Weak-strong consistency learning strategies are widely employed in semi-supervised medical image segmentation to train models by leveraging limited labeled data and enforcing weak-to-strong consistency. However, existing methods primarily focus on designing and combining various perturbation schemes, overlooking the inherent potential and limitations within the framework itself. In this paper, we first identify two critical deficiencies: (1) separated training data streams, which lead to confirmation bias dominated by the labeled stream; and (2) incomplete utilization of supervisory information, which limits exploration of strong-to-weak consistency. To tackle these challenges, we propose a style-aware blending and prototype-based cross-contrast consistency learning framework.

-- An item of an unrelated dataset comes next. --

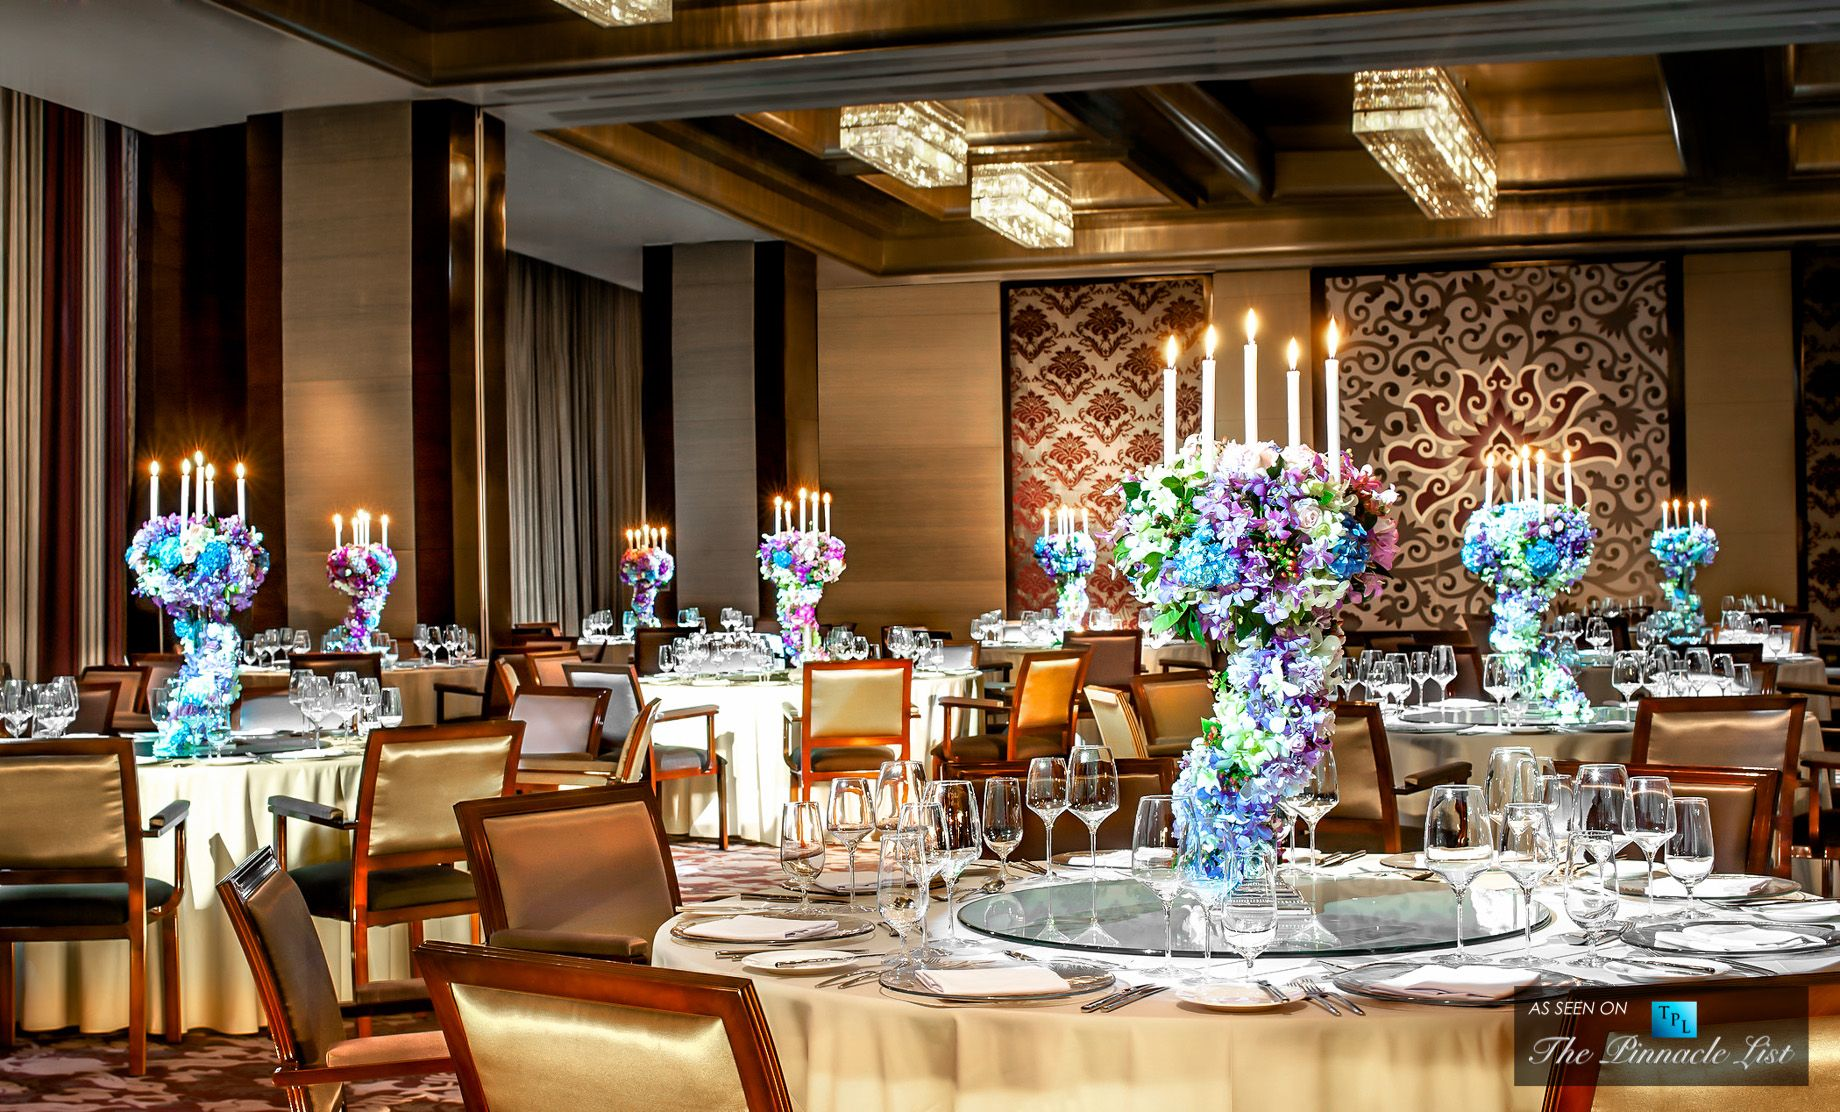 St regis luxury hotel bangkok thailand astor ballroom st regis luxury hotel bangkok thailand astor ballroom wedding setup junglespirit Gallery

Specifically, inspired by the empirical observation that the distribution mismatch between labeled and unlabeled data can be characterized by statistical moments, we design a style-guided distribution blending module to break the independent training data streams. Meanwhile, considering the potential noise in strong pseudo-labels, we introduce a prototype-based cross-contrast strategy to encourage the model to learn informative supervisory signals from both weak-to-strong and strong-to-weak predictions, while mitigating the adverse effects of noise. Experimental results demonstrate the effectiveness and superiority of our framework across multiple medical segmentation benchmarks under various semi-supervised settings.

Paper Structure

This paper contains 13 sections, 10 equations, 3 figures, 4 tables.

Figures (3)

  • Figure 1: (a)–(b) show the previous (e.g., UA-MT yu2019uncertainty) and proposed architectures, and (c)–(d) compare the first- and second-order moments of pixel intensities in the Synapse dataset landman2015miccai under different data splits (c) and across categories (d).
  • Figure 2: Illustration of our framework, comprising two main components: a style-guided distribution blending module (solid box) and a dual-branch architecture (dashed box) with labeled and unlabeled branches. The labeled branch is trained on style-blended labeled data, while the unlabeled branch enforces both pixel-wise weak-strong consistency and prototype-based cross-contrast consistency. Here, $X_m^l$ and $Y^l$ denote the style-blended labeled image and its corresponding label; $X^u$ and $Y^w$ represent the unlabeled image and its pseudo-label; $A_w$ and $A_s$ indicate weak and strong augmentations, respectively.
  • Figure 3: Visual segmentation results of different methods on ACDC (top two rows) and Synapse (bottom two rows). Our method achieves a better balance between under-segmentation and over-segmentation.